Yu recalled her experience of falling ill on a previous visit and receiving good treatment at a hospital in Ipoh.
“Although I do not speak much Cantonese, the doctors and nurses’ Mandarin were good.
“I never felt alone although I was sick in a foreign country,” she said.
As far as retirement and finance is concerned, Yu noted that China was getting more expensive and those who cannot afford living there moved out.
“There has been a trend that many mainland citizens were moving to countries in South-East Asia for better investment opportunities and a more liveable environment.
“For Ipoh, this could be a good opportunity for the Government or relevant authorities in doing more to promote Ipoh as an ideal place for retirement to the world.
“Some perks or allowance should also be extended to stakeholders, such as developers that did their part to promote Malaysia as an ideal retirement destination,” she said.
The avid food lover said the good water quality in the state was another reason she kept coming back here.
“Compared with other places, the beansprouts here are bigger, juicier, crunchier and tastier; and I think the rich minerals in the soil and good water quality in and around hilly Ipoh must have done the trick,” she added.
Taiwan-based logistics industry expert Michael Wang, who also took part in the field visit, concurred and said the vast and vibrant choice of delicacies in Ipoh was “indeed a very important factor” to him.

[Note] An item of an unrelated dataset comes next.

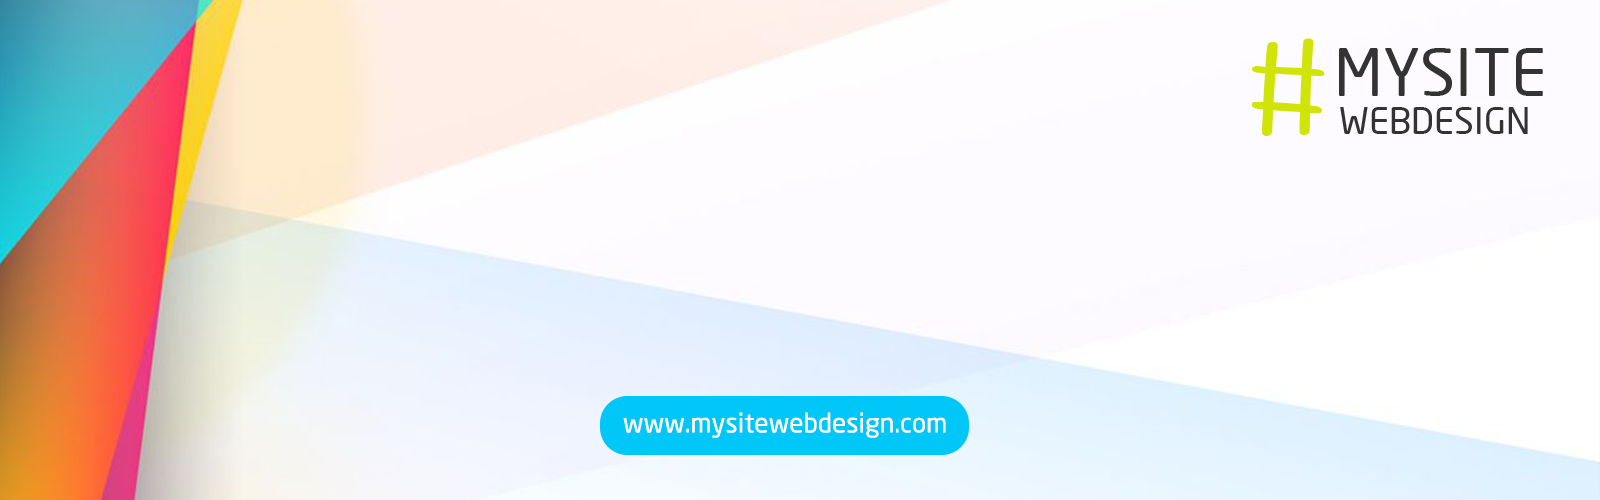 สร้างหน้าเว็บให้ธุรกิจคุณเป็นที่รู้จักอย่างเป็นทางการ ในราคาสบายกระเป๋า ที่ #MysiteWebdesign

He said he loved what he saw and was looking forward to retire in Malaysia in less than 10 years’ time.
“Hong Kong has seven million Chinese in terms of population, while Singapore has five million.
“For Malaysia, its percentage of Chinese in the community is high at eight million people; and in Ipoh city alone, 70% of dwellers are Chinese.
“This is surely a friendly environment for retirees from Taiwan,” he said, adding that Ipoh was quite close to Malaysia’s capital city of Kuala Lumpur.
“There are many hills in Ipoh but there is also flat land. It is also not far from the sea, with easy access options.
“That is when I realised that I will return here for my retirement,” Wang said.